Depuis lors, le silence ou plus exactement l'absence de paroles de l'analyste est
progressivement devenu un élément fondamental de la psychanalyse et des
psychothérapies. En effet, le silence favoriserait la libre expression du patient, il
aurait une fonction première ritualisante de rupture, en ce sens où il permettrait
d’aménager tout un environnement qui deviendrait alors propre à une nouvelle
approche de la parole, du discours, de soi et de l’autre ; alors très loin des
injonctions sociales et des codifications rhétoriques.
Un silence nécessaire pour entendre les effets chez soi comme chez l’autre de ce
qui vient de se passer. « Le silence comme condition d’existence d’un transfert
analysable, au sens d’une attention après coup à ce qui vient de se dire, de part et
d’autre. »
Pour A. Green (1979), la fonction silencieuse de l'analyste est indépendante de la
quantité de paroles qu'il prononce mais porte sur le discours latent du patient, c'est-
à-dire que la parole de l'analyste est vide si elle se borne au contenu manifeste et
pleine si elle inclut le discours latent.

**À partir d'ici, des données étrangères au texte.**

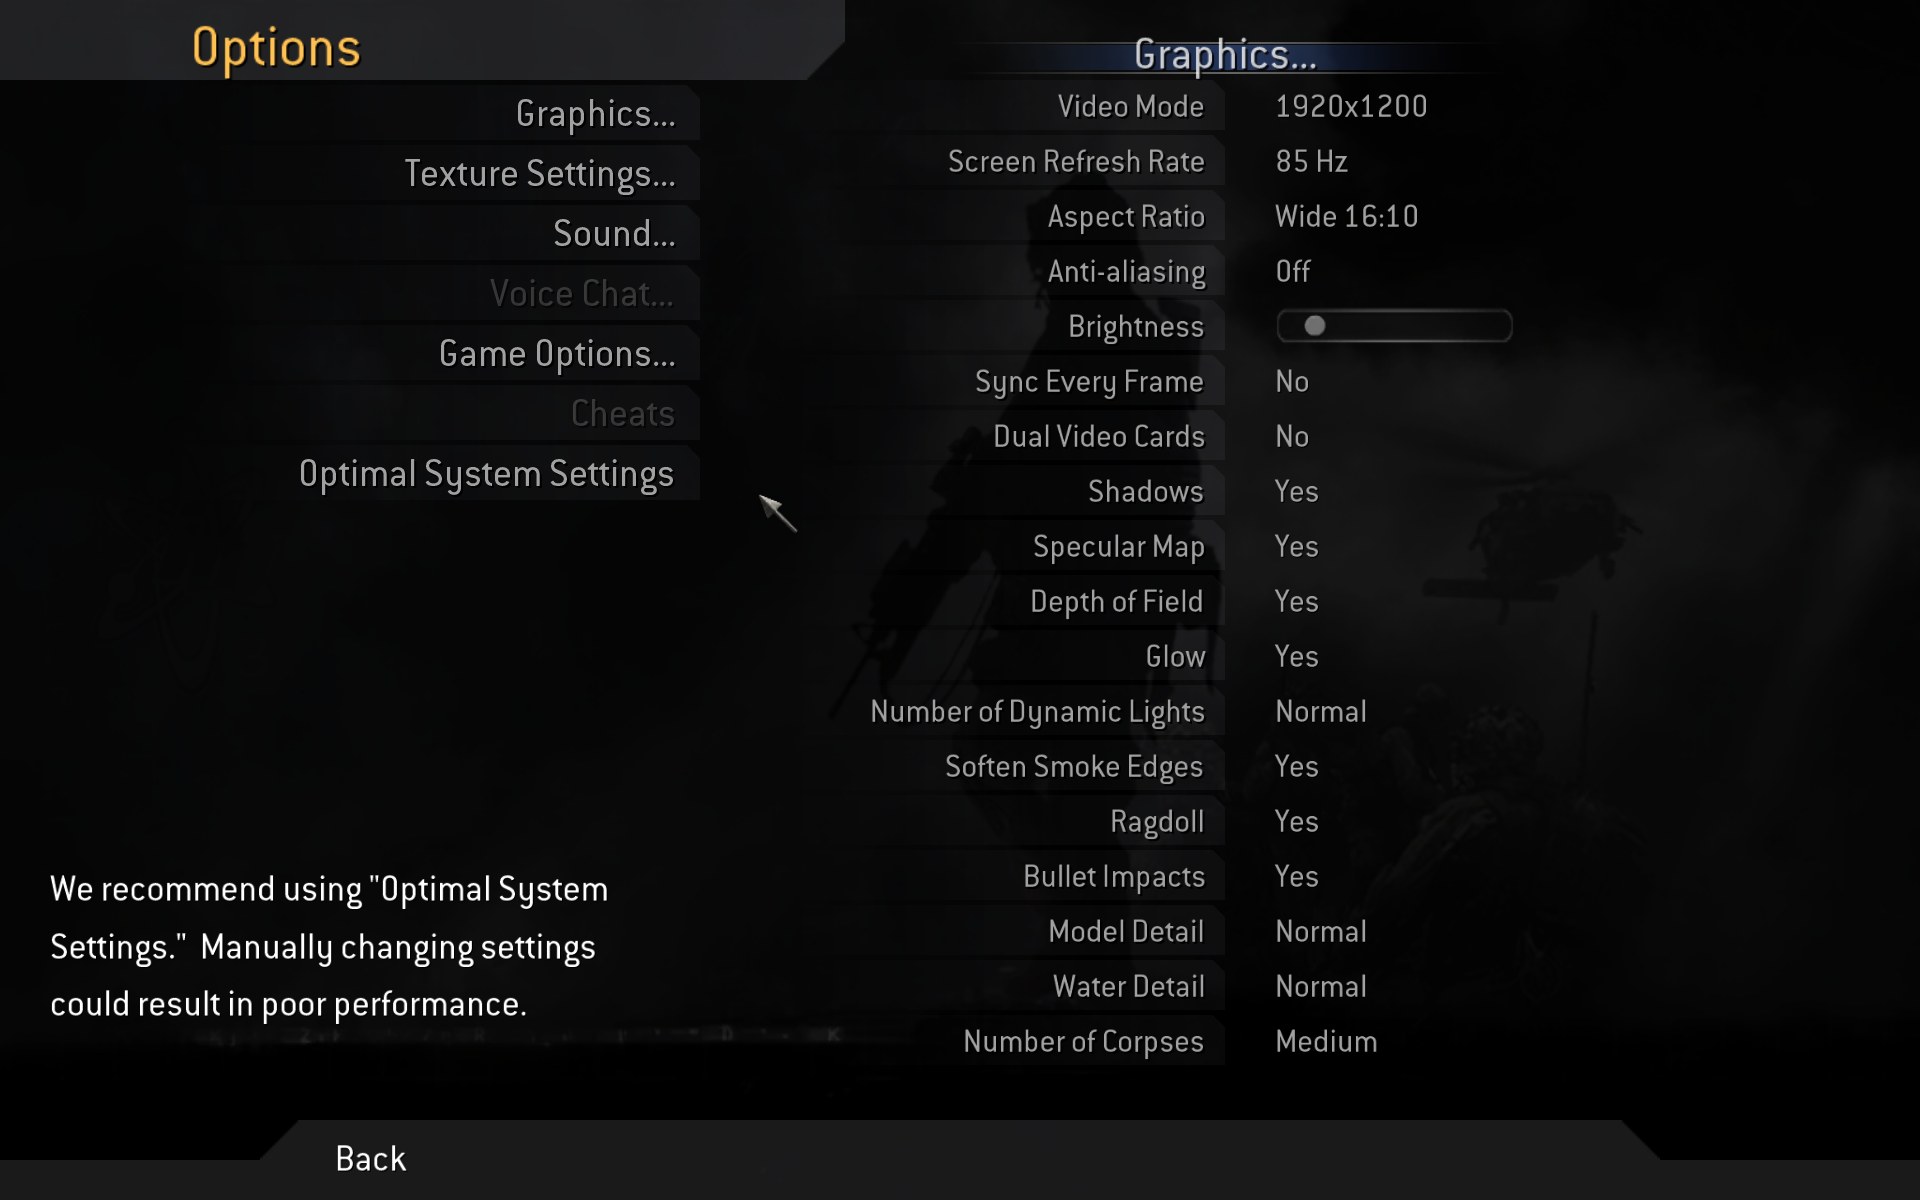 NVIDIA GeForce 9800 GX2, test nejvýkonnější grafické karty na trhu

Cela est peut-être vrai, mais il est tout
aussi certain que tous les silences ne produisent pas nécessairement tout ce qu'ils
sont censés créer et ne sont pas non plus nécessairement à chaque fois la bonne
réponse aux dires de l'analysant, même s'ils sont légitimés par la théorie et utilisés
par le psychanalyste apparemment à bon escient. L'incertitude de la pertinence de
son emploi persiste du fait que son efficacité liée à ses qualités ne sera jamais
vérifiable ou justifiable qu'après-coup.
Effectivement, comment valider la valeur ou l'effet d'un silence pour le systématiser
dans une communication ou autre relation thérapeutique si ce n'est qu' à
posteriori !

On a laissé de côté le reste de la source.